Why does the report show 2,255 job tickets but 9,074 pothole repairs?

City of York Council explains that job tickets can cover multiple repair areas and defect types. From April 2024, its new Asset Management System tracks individual potholes separately — revealing 9,074 individual repairs in 2024/25, roughly four times the job-ticket count. The true scale of reactive work is larger than the older headline figures suggest.

Does York's drainage investment help or hurt my claim?

Both, depending on your road. The council targets £1,000k on drainage in 2025/26 and acknowledges standing water turns small defects into potholes. If your road has known flooding issues the council has prioritised but not fixed, that supports a claim. If drainage was recently improved and your pothole formed afterwards, the council may argue it took reasonable steps.

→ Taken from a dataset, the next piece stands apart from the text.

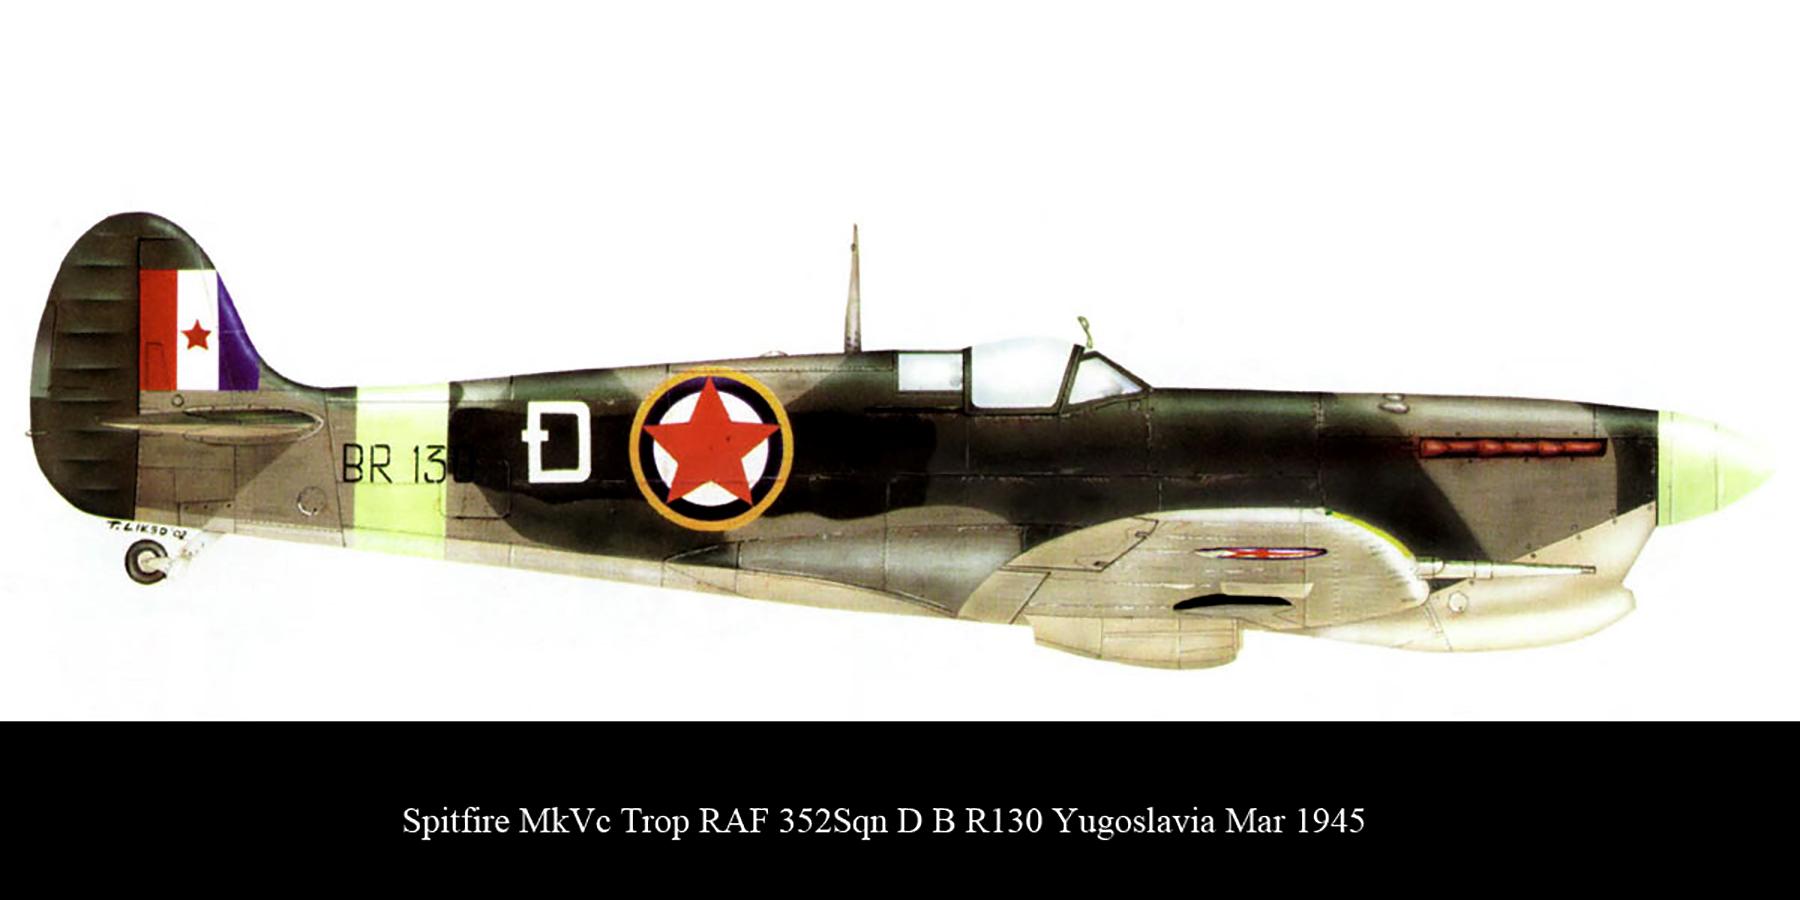 Spitfire MkVcTrop RAF 352Sqn D BR130 Yugoslavia Mar 1945 00

Do streetworks and York Central development affect claim prospects?

Potentially. The council reports 12,369 streetworks permit applications in 2024/25, 27 new development sites including Station gateway and York Central, and notes growth “inevitably” brings roadworks that create pressures where new and old infrastructure meet. Heavy utility and construction traffic accelerates wear — relevant if your incident was on a corridor affected by permitted works.

Is pre-2019/20 condition data comparable?

City of York Council warns that data between 2019 and 2023 for A and B/C roads, and between 2019 and 2022 for U-roads, was collected using survey types that do not produce outputs comparable with current DfT national indicators. For claims, focus on the latest comparable figures — especially the 25% RED U-road rate in 2024/25.